— Your objective —
Set down the data again word for word. Skip any pictures.

— Data shown —
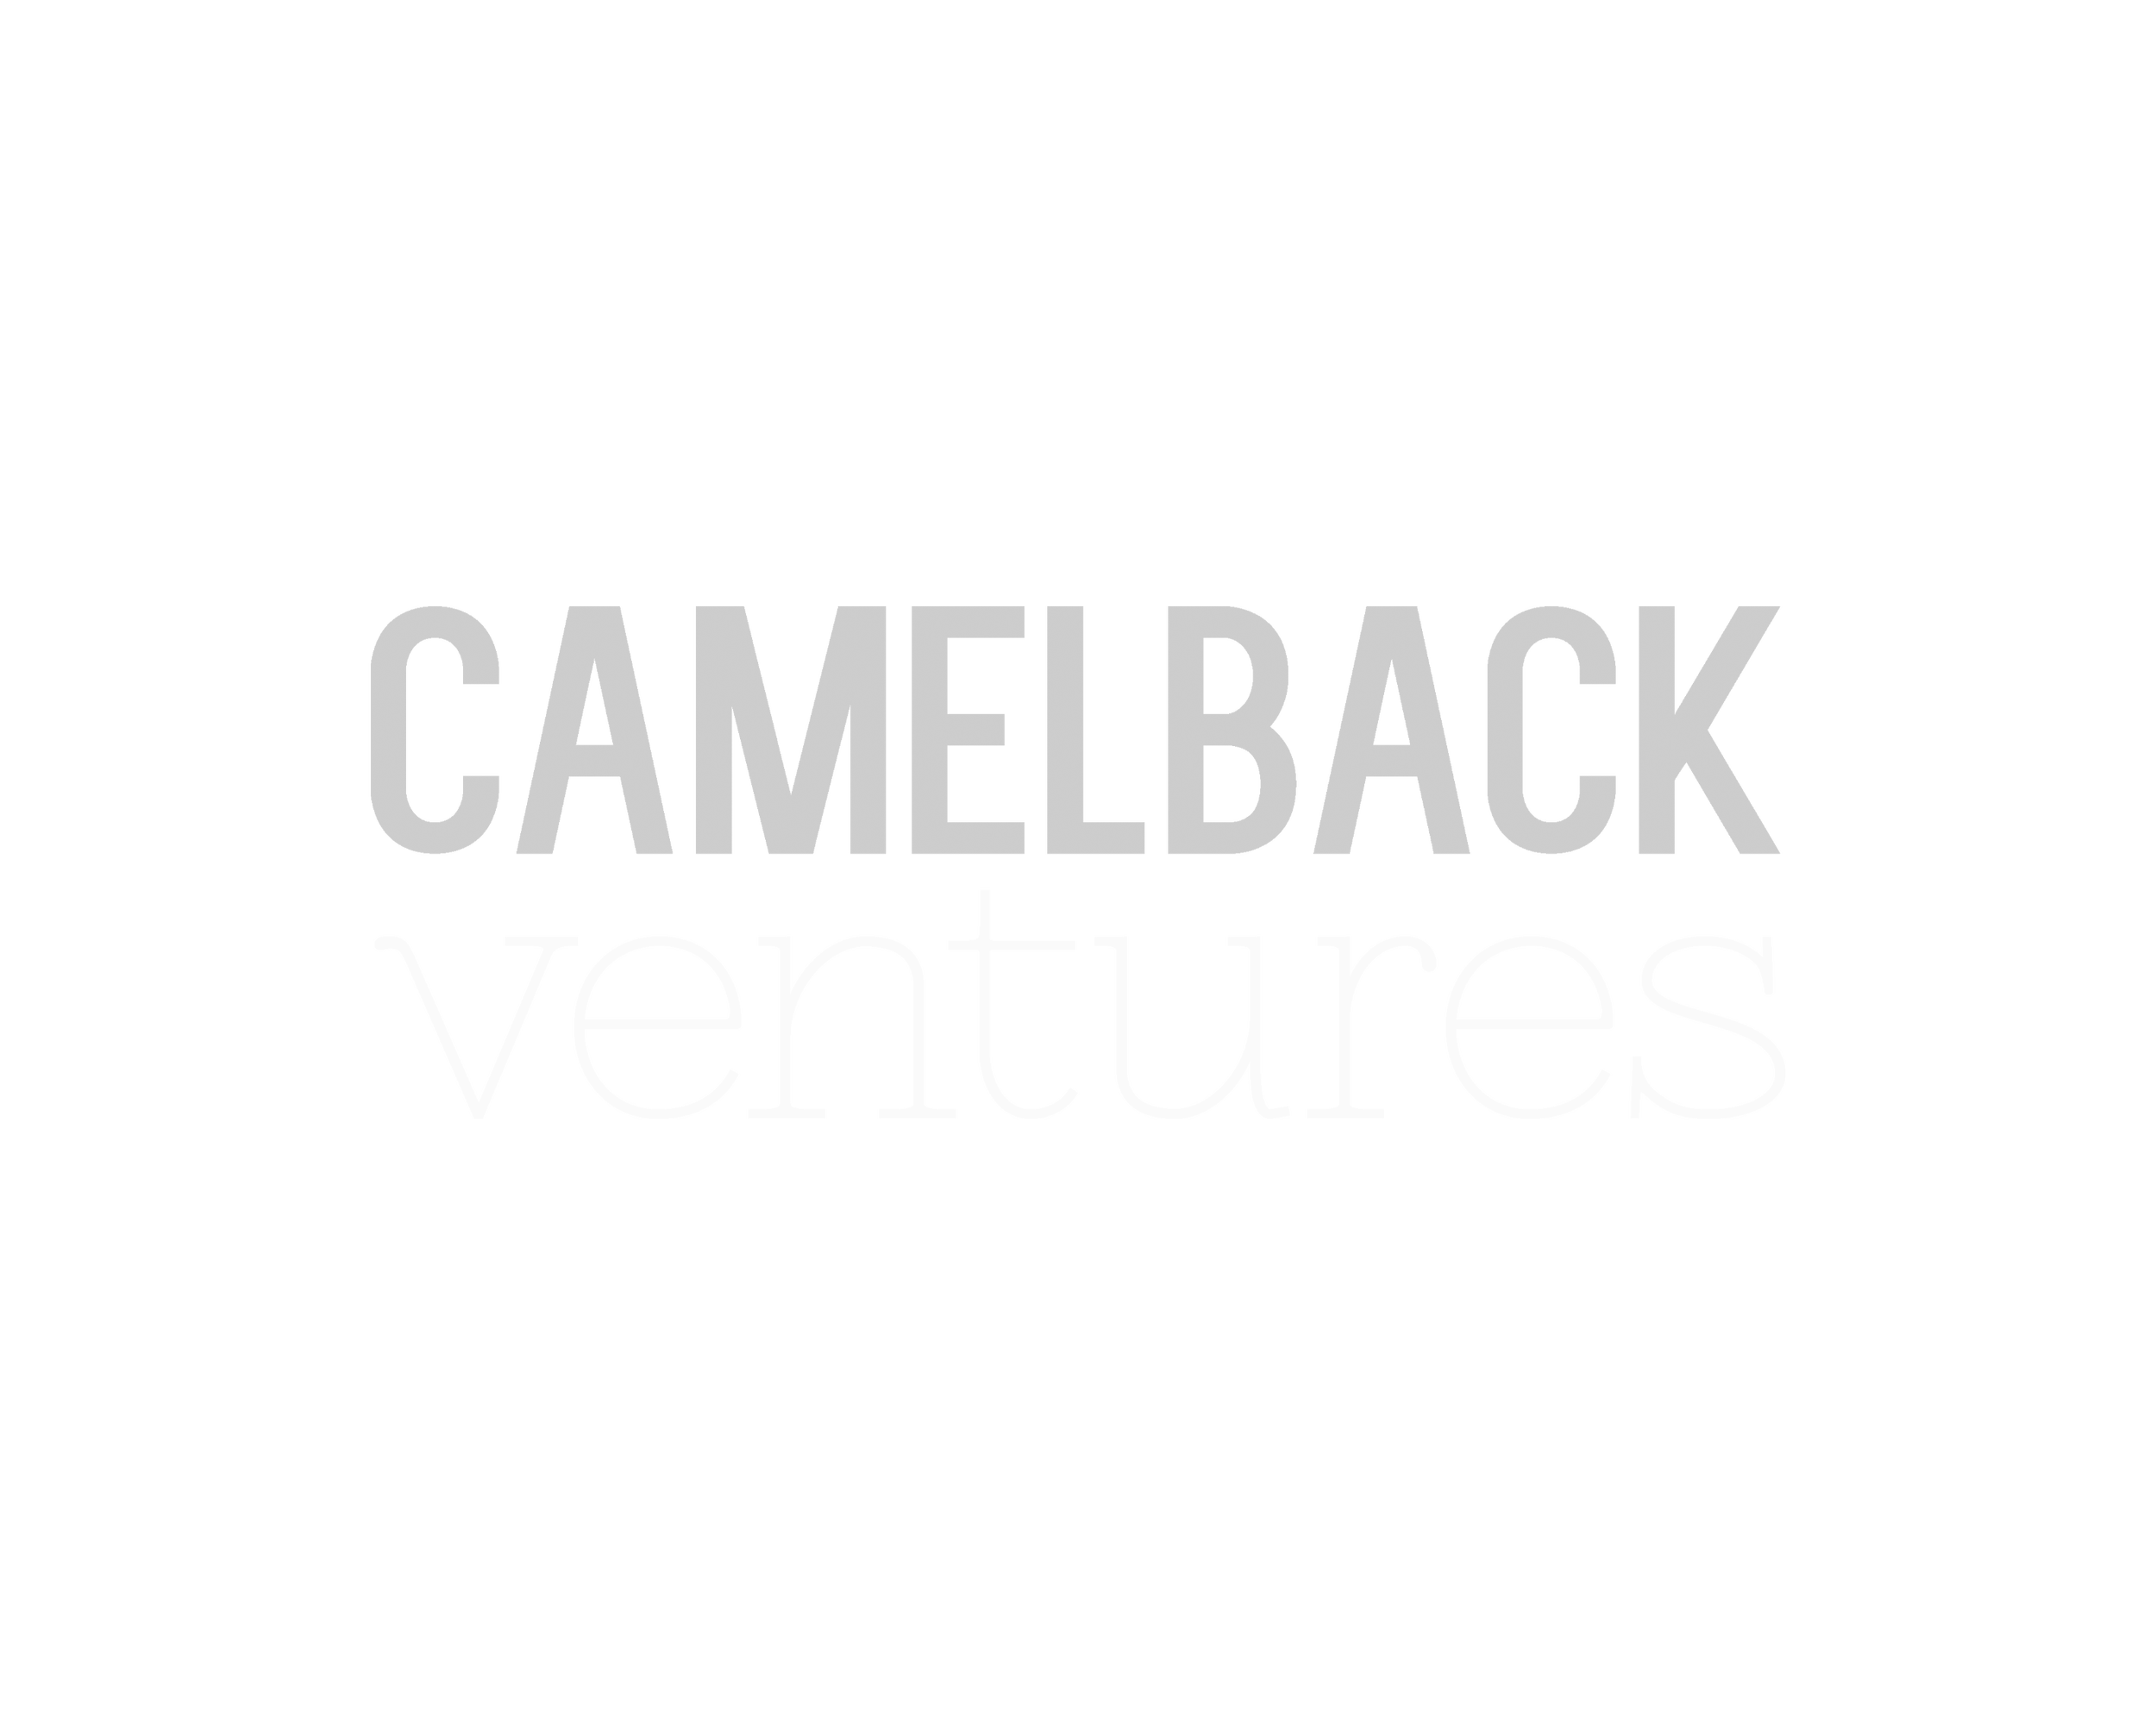 Camelback-Ventures-logo.png
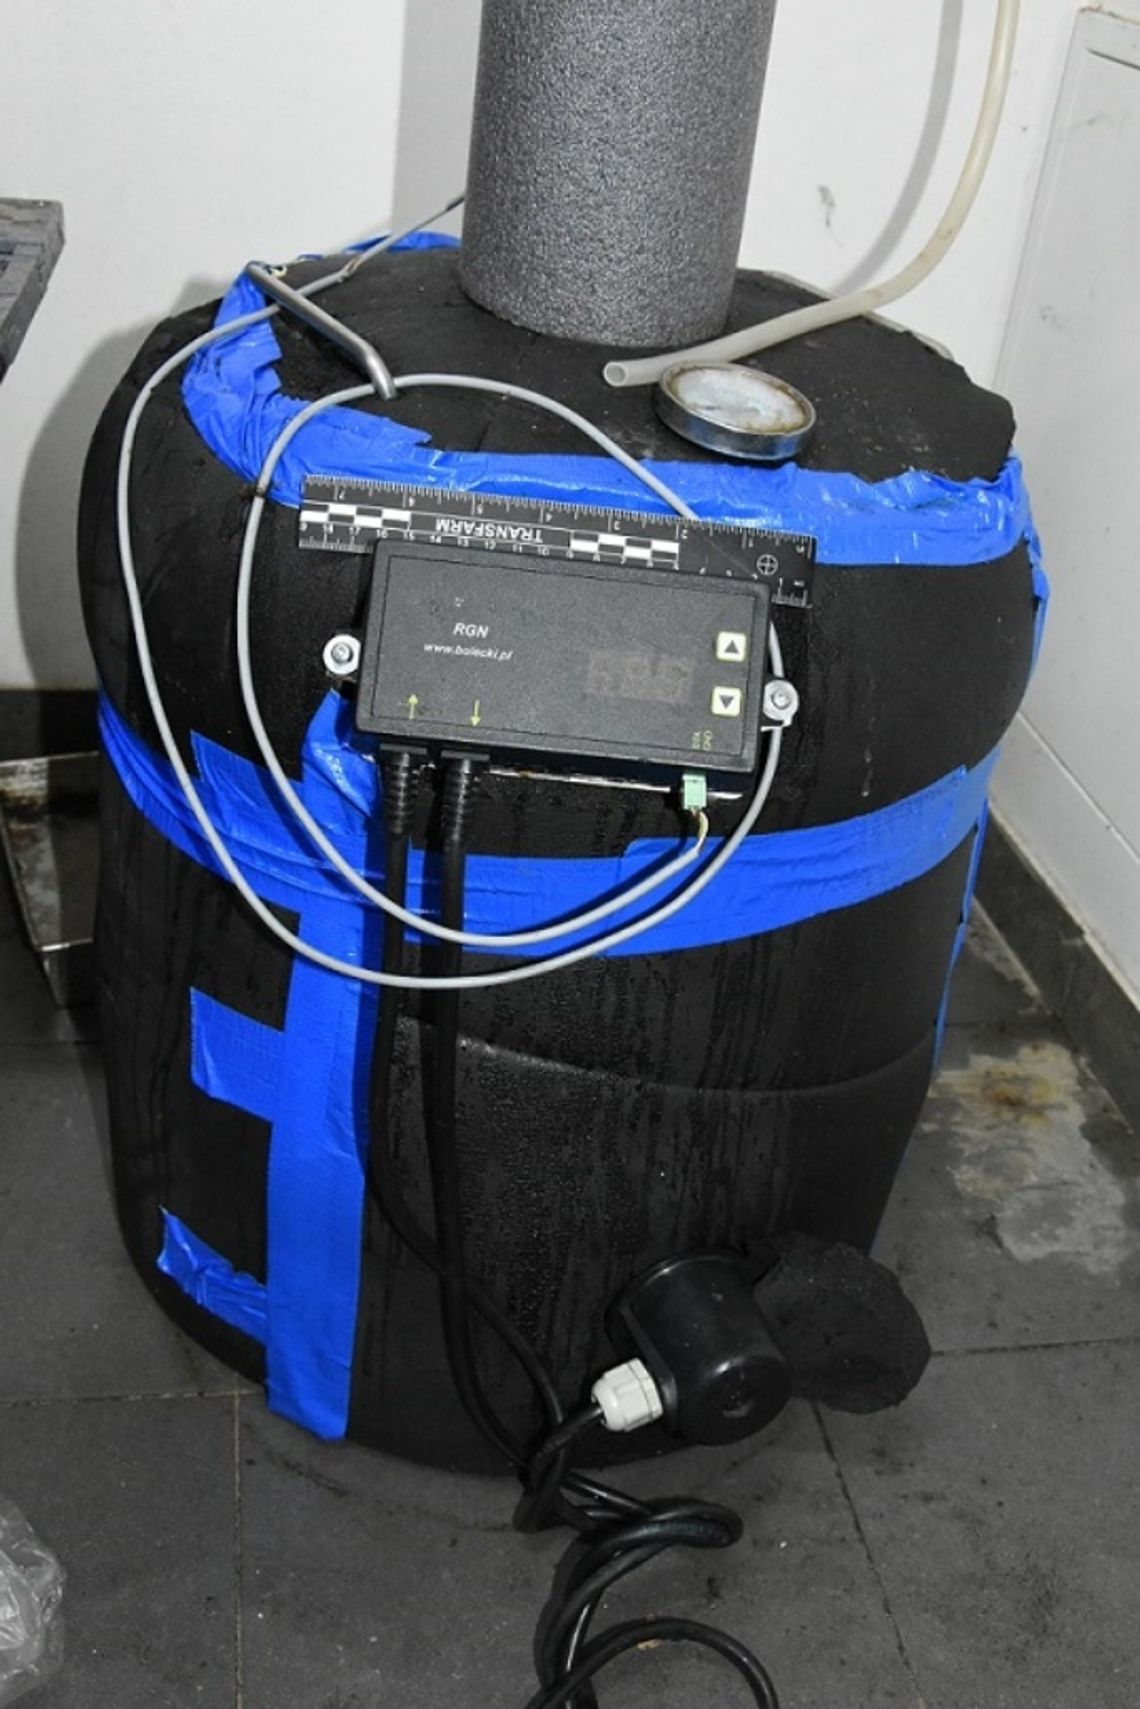 Biała Podlaska: Ujawnili aparaturę do destylacji i 120 litrów alkoholu
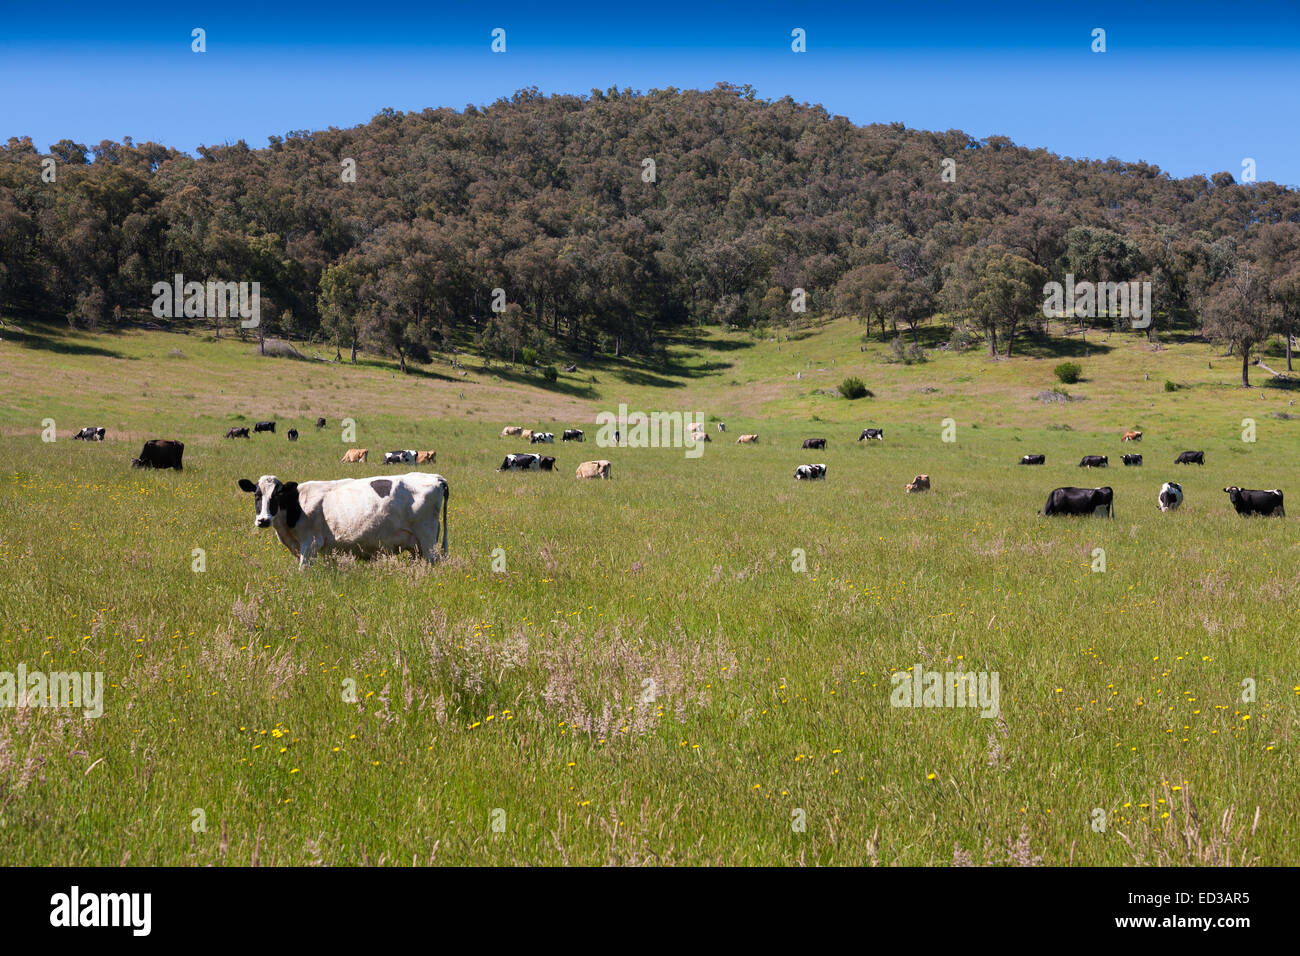 Les vaches qui paissent dans les herbes hautes montagnes de neige supérieure Towong NSW Australie Banque D'Images
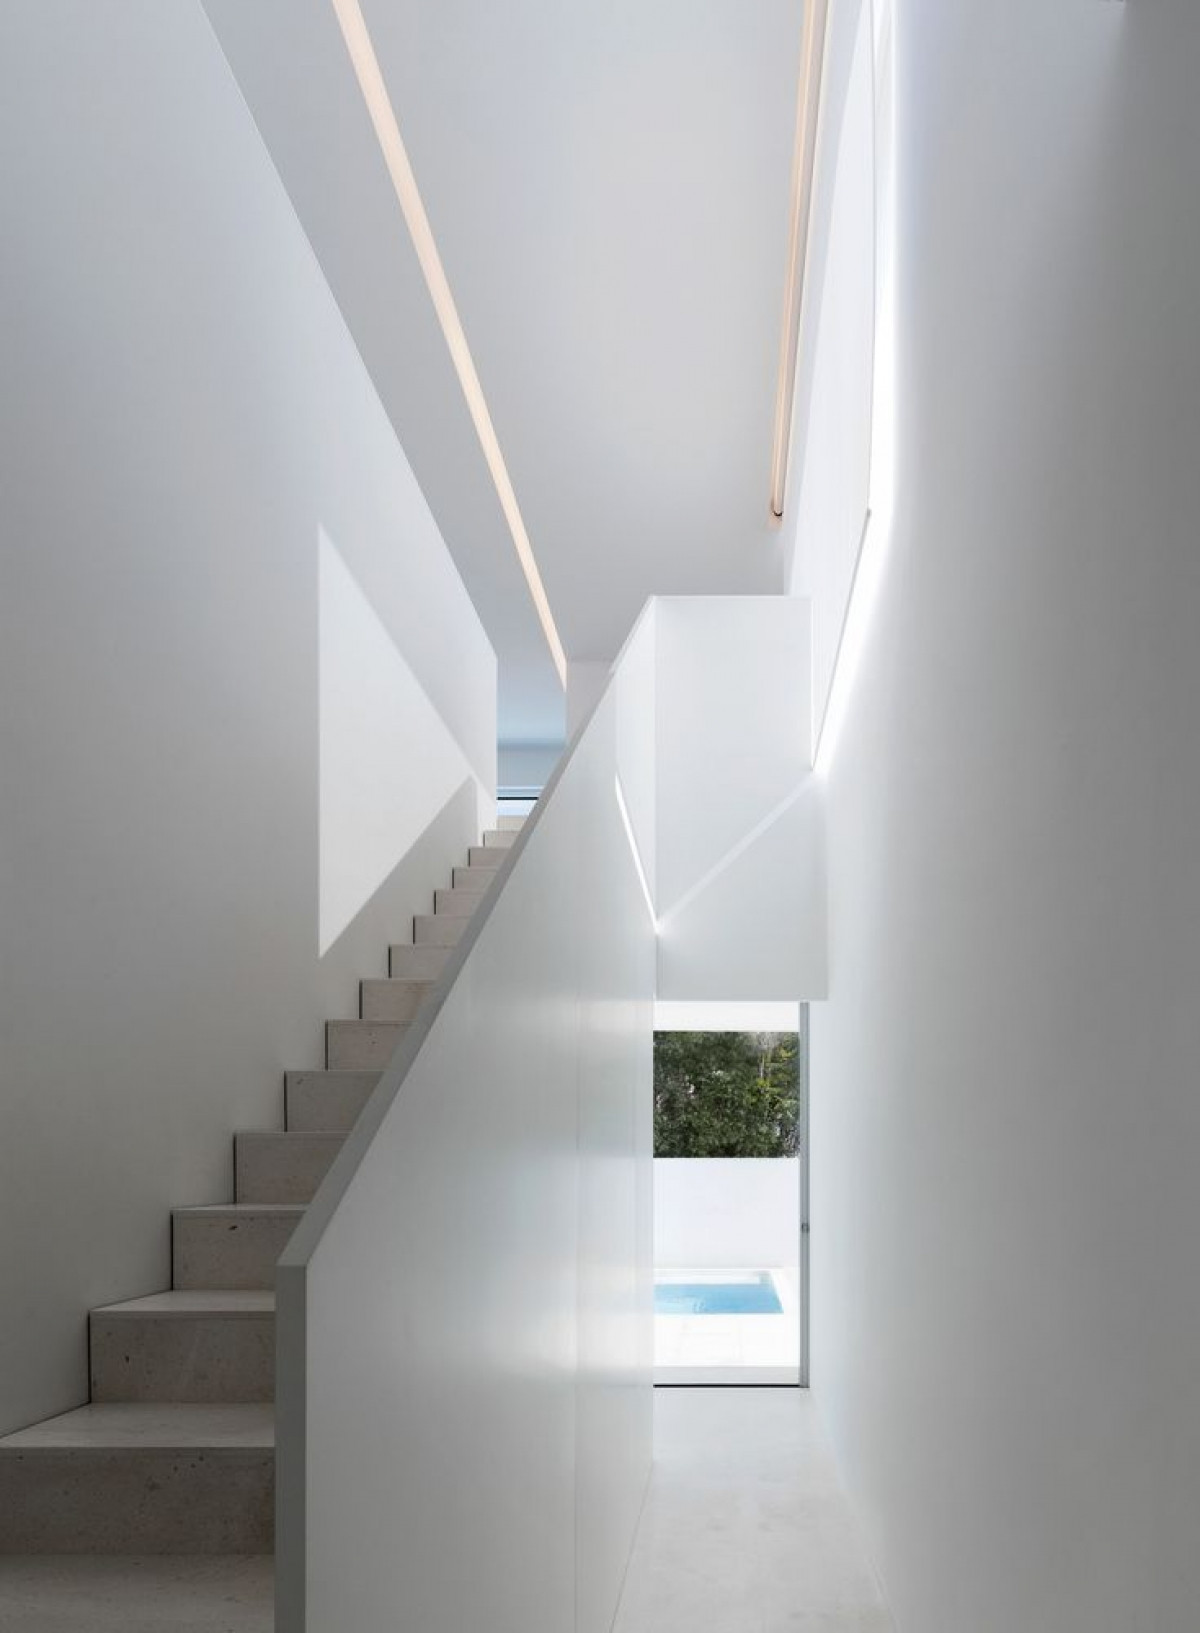 Cầu thang ở góc nhà lên tầng 2 cũng rất đơn giản. Ánh sáng là một loại “vật liệu” làm nổi bất những hình khối kiến trúc.

— Solution for this task —
 Camelback-Ventures-logo.png
 Biała Podlaska: Ujawnili aparaturę do destylacji i 120 litrów alkoholu
 Les vaches qui paissent dans les herbes hautes montagnes de neige supérieure Towong NSW Australie Banque D'Images
 Cầu thang ở góc nhà lên tầng 2 cũng rất đơn giản. Ánh sáng là một loại “vật liệu” làm nổi bất những hình khối kiến trúc.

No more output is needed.